When we commenced, there was no method and there was no past experience on which we could rely. There was one academic that I was aware of, and one eminent consultant, whom I knew well, who advocated it. But they did not do so from positions of experience but, rather, from musing on how the then pervasive waterfall model could be improved on. I recall my friend assuring me that "you can make a new delivery every week", and, although such glibness alerted me to his ignorance, I also knew that my teams needed a new approach. We were mired in large projects with flawed specifications and only vague prospects of completion.

So we embarked on an evolutionary experiment.

Of course, we did so naively, and our hopes - and expectations - of a smooth path into a new world of advanced-level software engineering was soon shocked and shaken.

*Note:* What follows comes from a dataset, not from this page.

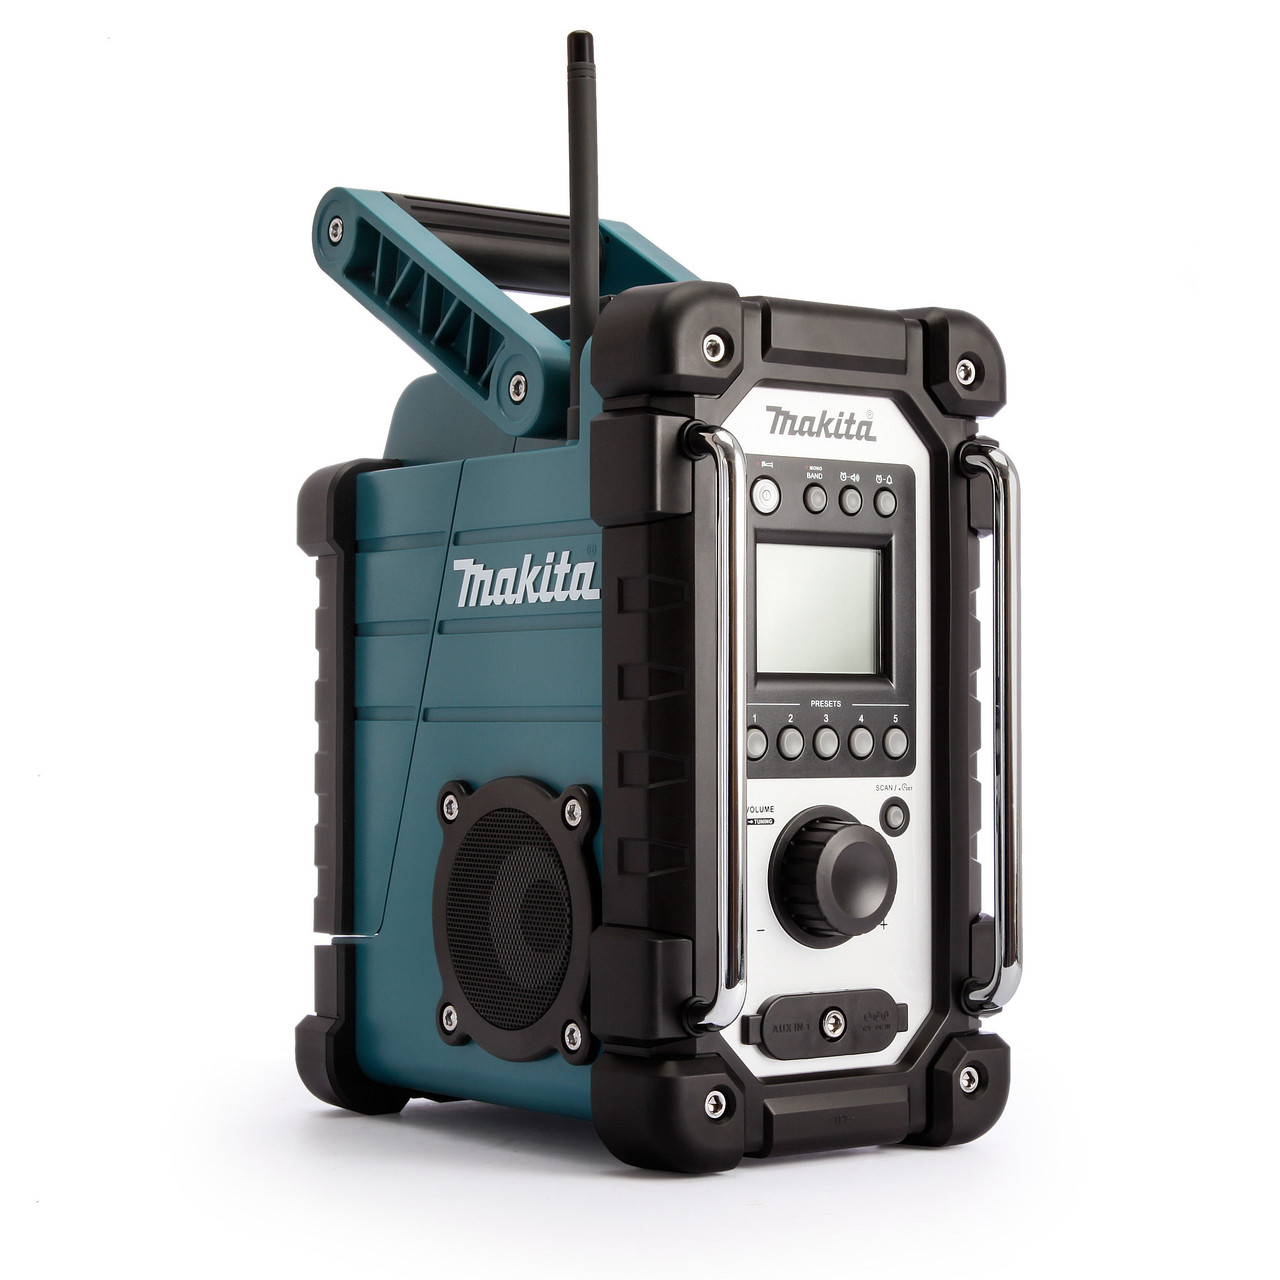 Makita DMR107 Jobsite Radio 7.2 - 18v battery range Or Mains Powered

I won't take time and space here to tell of all our adventures, but I'll remark on some of the lessons that we learned - lessons that I think it would be wise to address when considering agile methods for the development of safety-related software.

First, what were the advantages that we expected to achieve from incremental and evolutionary development and delivery?
The principal one was:
1.  To overcome the classic waterfall ("big-bang") problems of (a) taking a long development time to arrive at a working system; (b) and then discovering that what had been developed - and tested - did not meet the customers' real (and often, new) requirements.
Other advantages along the way were:
2. To develop the first working system quickly
And, thus, by providing early utility, to gain the customers' credibility and good will.
3. To obtain rapid feedback from customers and their users
And thus determine early if what was delivered was what they wanted, so that rapid corrective action could be taken.
3. To Iterate easily towards "the" correct and complete specification
As now, in those days it was almost impossible to derive a correct and complete specification in the first place. Customers - neither business-level customers nor users - knew what they really wanted, or even needed. So, though we hoped that each delivery would match the real requirements for the functions that it provided, we guessed that, in actuality, each would be a prototype on the basis of which we would quickly home-in on the real requirements.
4. By achieving the other hoped-for advantages, we expected to gain the esteem and confidence of the customers and their users.
5. As development manager, I hoped for improved morale in my staff
We, the developers, were so often dealt a bad hand - in the form of unspecified projects with short expected delivery times - that we always knew, from the start of each project, that there would be late delivery and then further requirements for a great deal of change, and so there were not many "high points" for us. So I hoped that new confidence from the customers and users would elevate, and maintain, the levels of the developers' morale.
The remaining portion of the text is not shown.